Remember, the ideal mom is just that — an ideal that all mothers desire to attain — not a reality. But reality needs to be respected as well. For a mother to be at peace in whichever role she chooses, it requires her to be deliberate with her time and values, to enjoy the good aspects of her choices, to accept the accompanying losses — and to ignore outside criticism.
In some family settings, having a career or the money it provides the family is very important. Sometimes it is a necessity for mom to work and many times her worth is determined by her job or the financial help it provides.

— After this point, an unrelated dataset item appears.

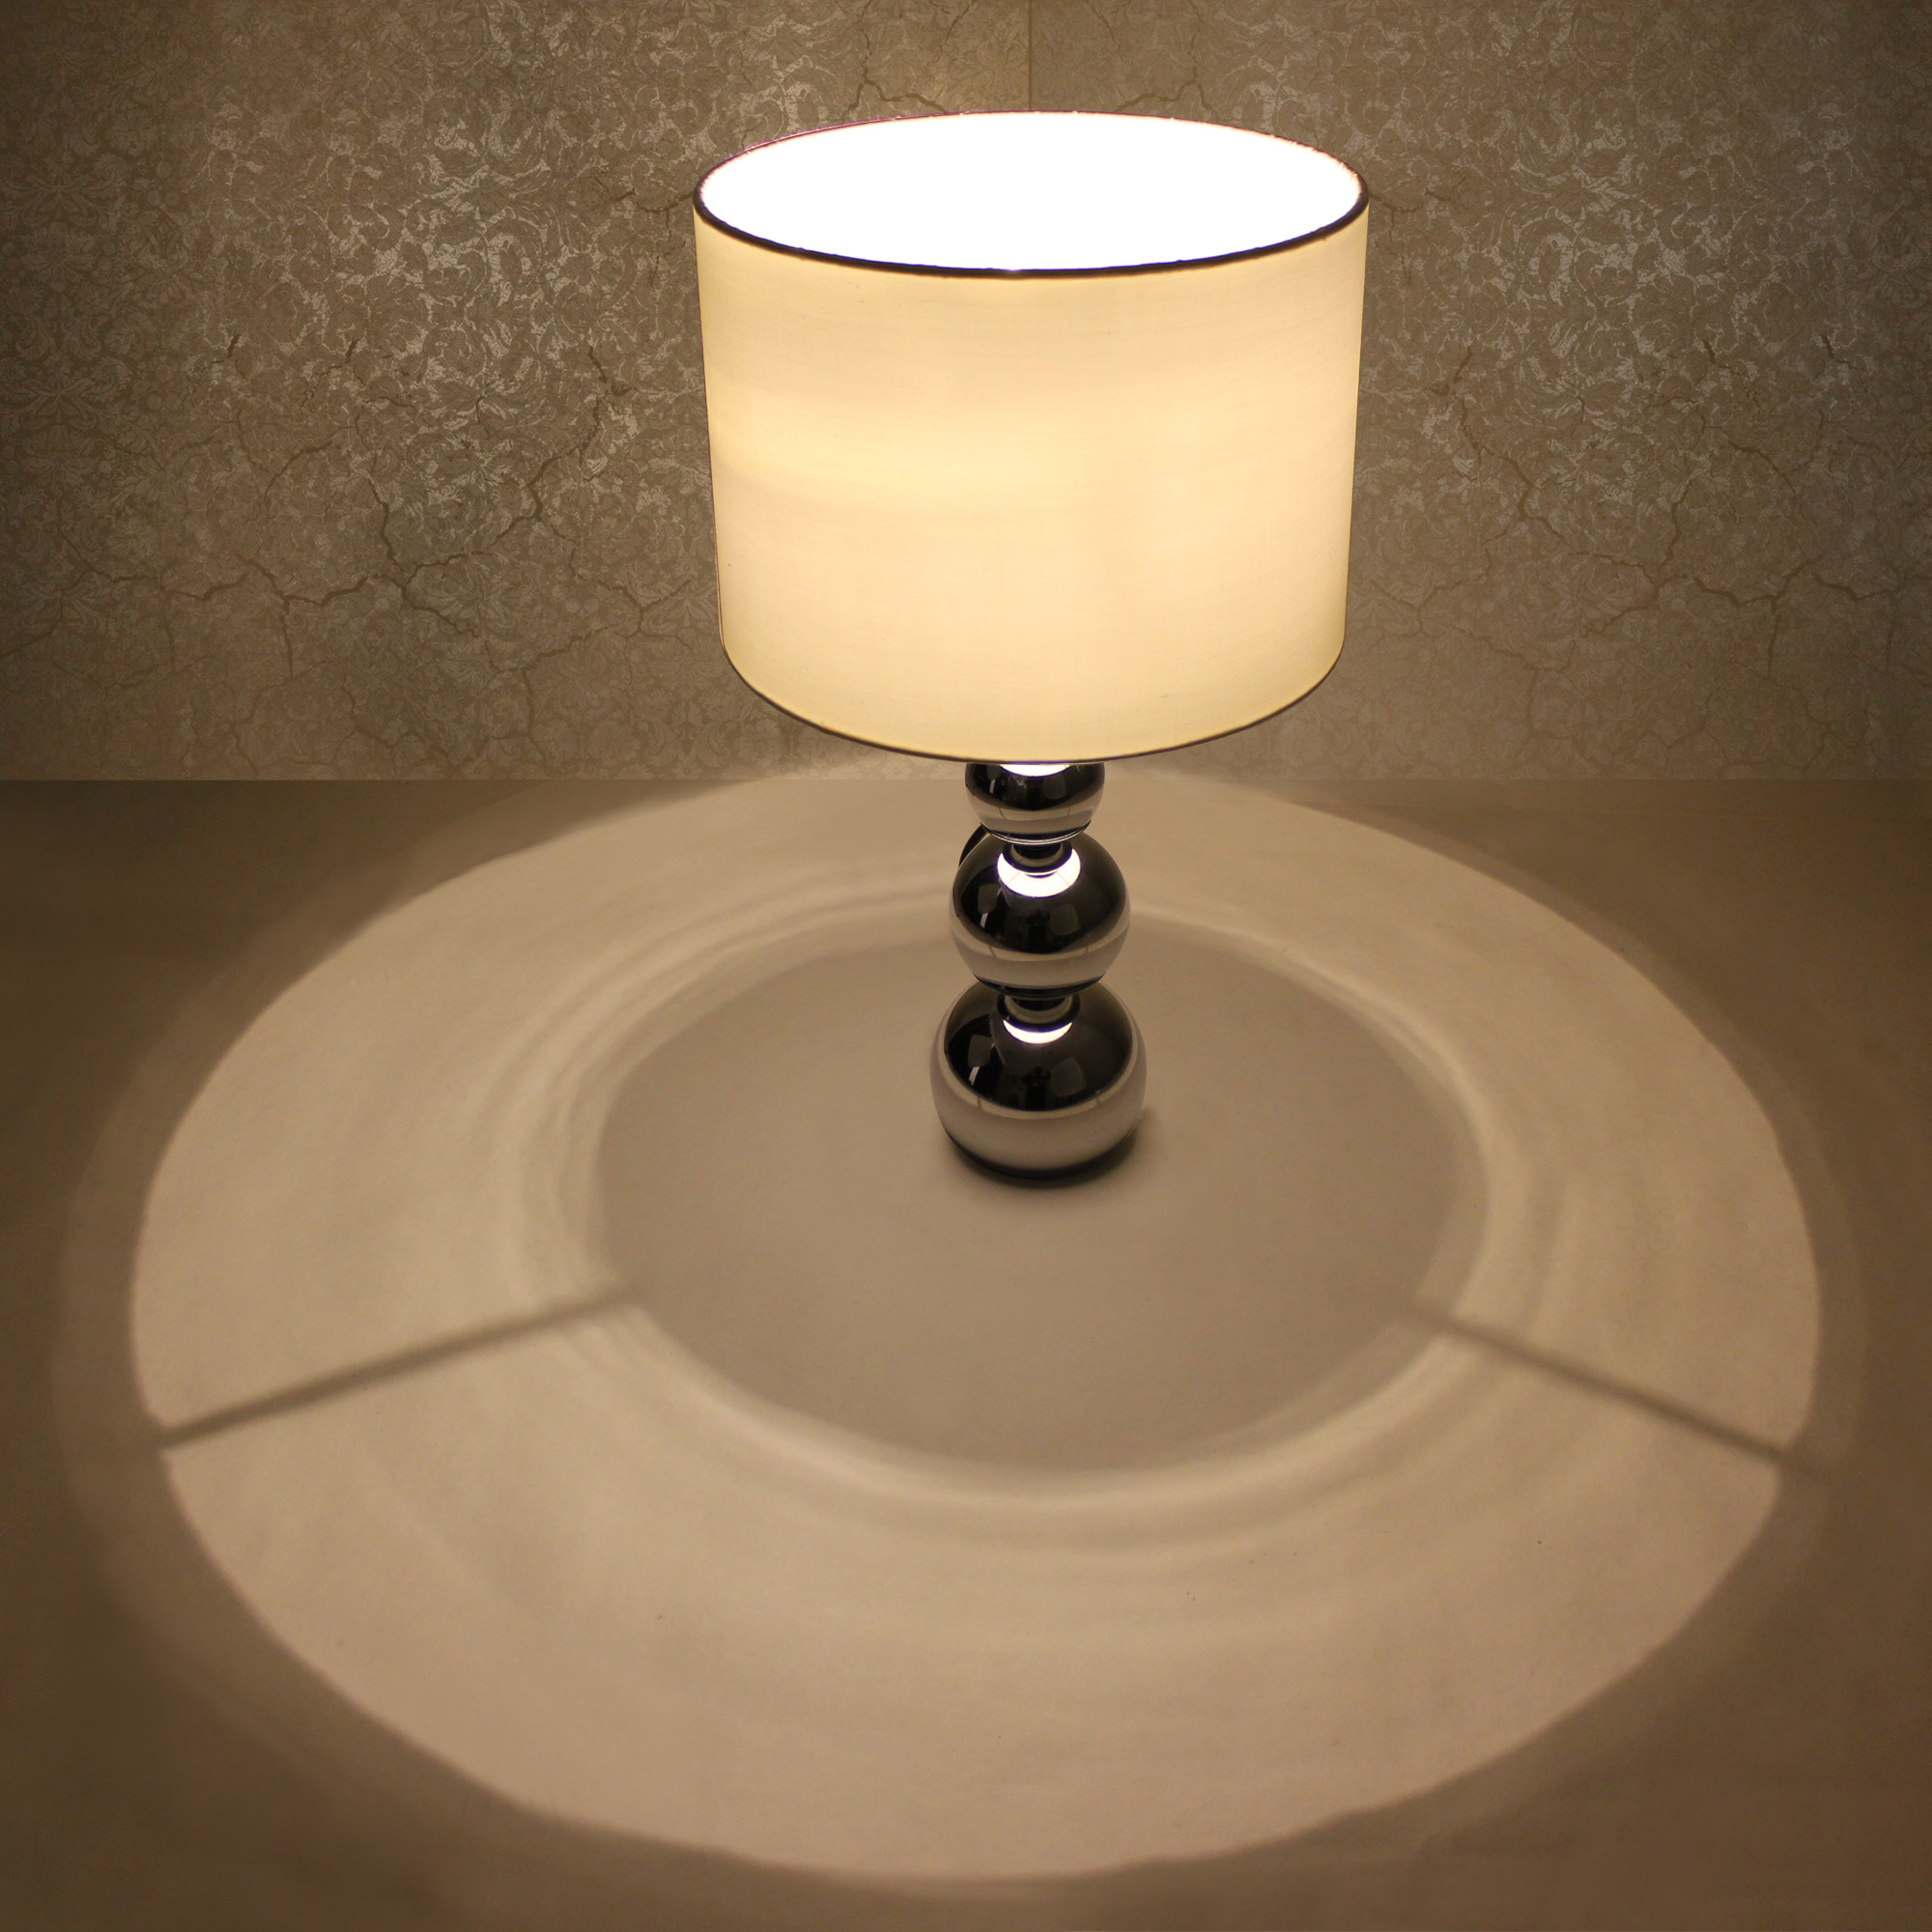 Ebay - Lampe de table de nuit ...

A working mom is not only a mom, or a wife, she is also by title, a career persona and a wage earner.
In other family cultures, the working mom is looked down upon for the perceived negligence of her role as a mother and the mother who stays at home to raise her children and maintain her home is highly valued.
It is important that each mother, in whatever family system she lives, determine what she values most and consciously accept the consequences of those choices.
Enjoy the perks of the life you choose and let go of the envy and losses for the life you chose not to have; after all, the grass isn’t greener on the other side of the fence — it’s just different grass.
Stay-at-home moms envy the working moms’ perks. Among other things, the working mother has more reward and recognition for her labor. She has more freedom and independence from her spouse. She may have more money or feel less guilt about spending money or time on herself, since she contributes to the family income. And she has legitimate reasons to take breaks from the, at times, tiring role of raising children.
Working moms envy the stay-at-home moms’ perks. Among other things, she has a greater quantity of time that is hers to organize and control. She gets to be more involved in her child’s school life and daily activities. She may have less stress. She has opportunities to be creative and fun with her children without a clock as her taskmaster. She has many more opportunities to enjoy the process of raising her children.
Whichever role they choose, women may be tempted by their own guilt to criticize or envy other mothers’ working role choices. Wouldn’t it be great if mothers on both sides of the fence would accept their personal gains and losses in their chosen roles and allow all other mothers to do the same?
Taking care of mom
Because of love and her conscientious concern for the details of her family’s lives, a mom can shortchange herself as a person. At some point, however, a woman who does not take care of herself in the process of living, shortchanges her family as well.
Women who are mothers need to know they count too, not more and not less than everyone else in their family. If a woman is not taking care of her body and her levels of stress, eventually her body will rebel. If she does not attend to her emotional needs, eventually anger or depression will erupt.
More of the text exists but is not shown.